Native crypto.subtle in browsers — digest, sign/verify, encrypt/decrypt, key import/export, and why getRandomValues replaces Math.random for security.

~9 min read

Need a SHA-256 hash in the browser? The reflex is to pull in crypto-js, jsSHA, or bcryptjs. But every modern browser (and Node 15+, Deno, Bun, Cloudflare Workers) ships a standard crypto.subtle — the Web Cryptography API. Zero dependencies, native speed, HTTPS required.

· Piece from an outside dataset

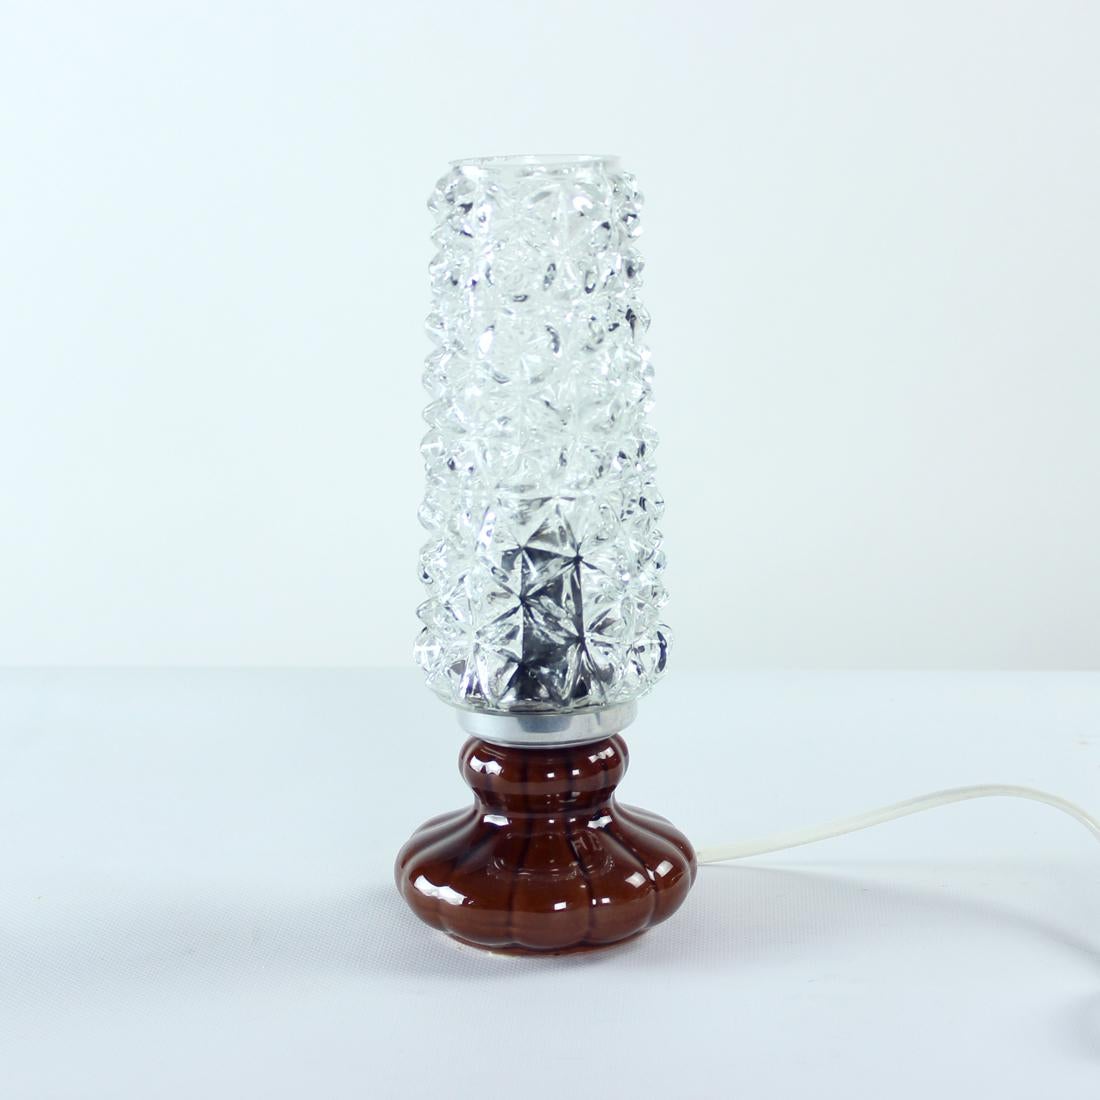 Belle lampe de table produite en Tchécoslovaquie dans les années 1960. Réalisé dans deux matériaux étonnants - base en céramique et abat-jour en verre. La base est faite en céramique émaillée brune, ne présente aucune usure, excellent état.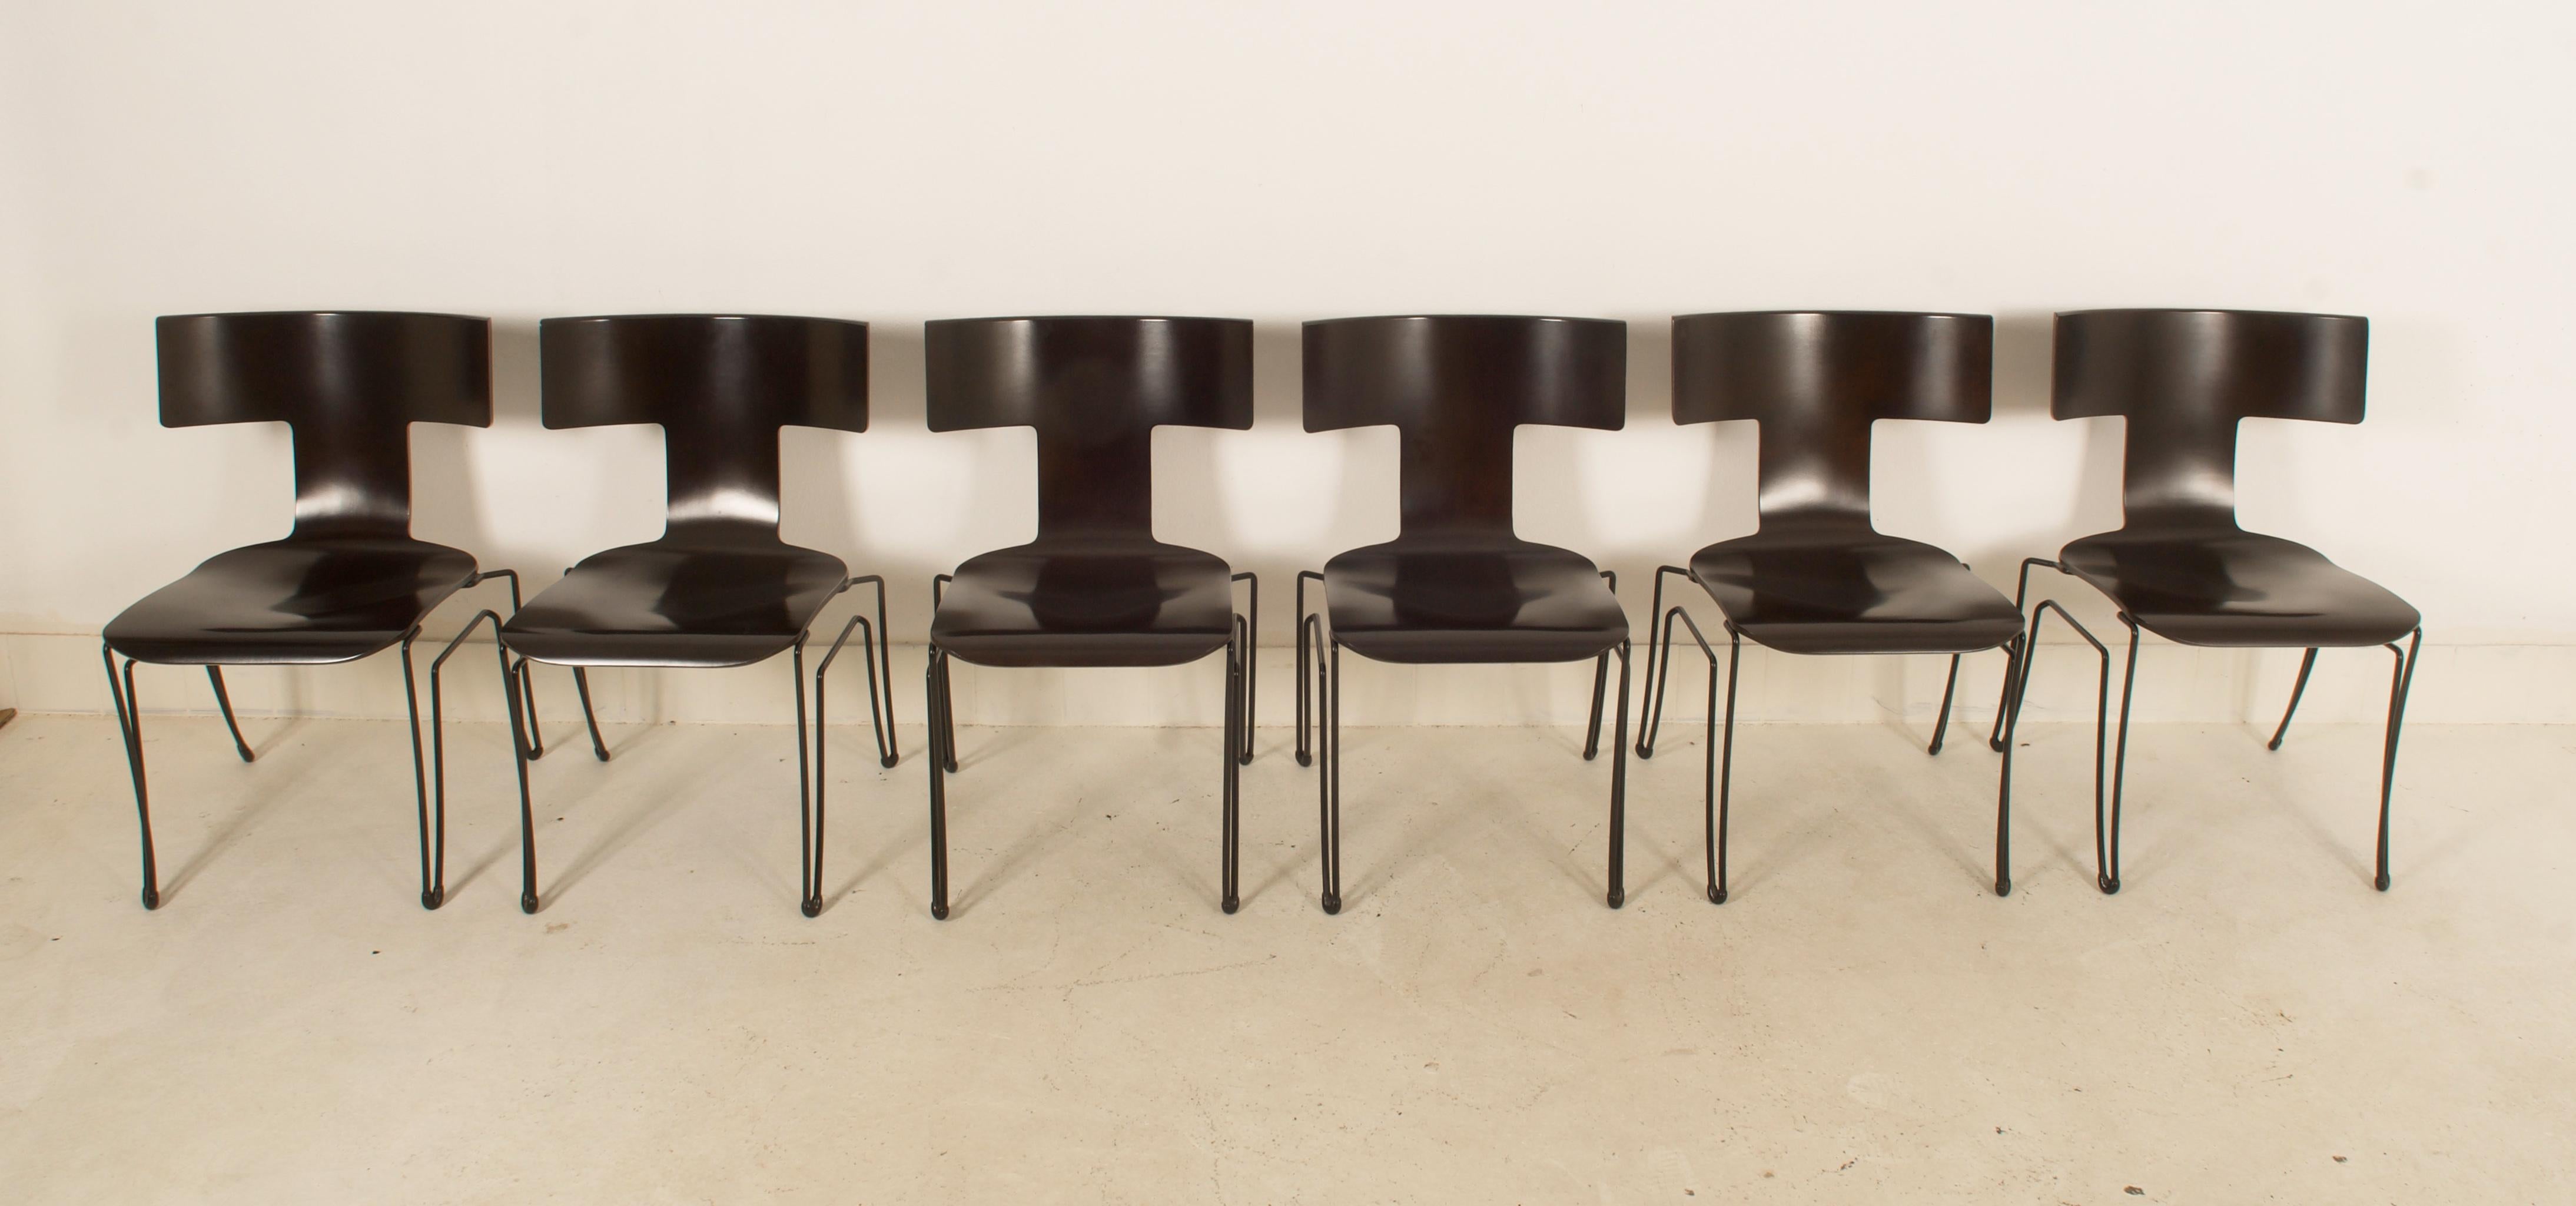 Cet ensemble de 12 chaises a été produit par Donghia dans les années 1980. Le modèle Anziano a été conçu par John Hutton. Les structures sont en fil d'acier revêtu de noir, les sièges sont en placage de hêtre moulé. Les chaises sont empilables. Très

This guide covers the five most common patterns: digest, HMAC, secure random, AES, and signing a JWT.

Why Web Crypto

  • 0 KB bundle — crypto-js alone adds 50+ KB gzipped. Web Crypto is already in the browser.
  • Native speed — C++ implementation, often 10–100× faster than JS libraries.
  • Standard — W3C Web Cryptography API (2017). Same API in browsers, Node, Deno, and Workers.
  • Safer — keys are CryptoKey objects, not raw bytes. Built-in constant-time comparison.

Prerequisite — Secure Context

crypto.subtle only exists on HTTPS or localhost. On http://example.com it's undefined. Raw IPs don't qualify either.

if (!window.isSecureContext) {
  console.warn("crypto.subtle requires HTTPS");
}
if (!crypto?.subtle) {
  throw new Error("Web Crypto not available");
}

1. Digest — SHA-256/384/512

The most common use. One-way hash of text or bytes.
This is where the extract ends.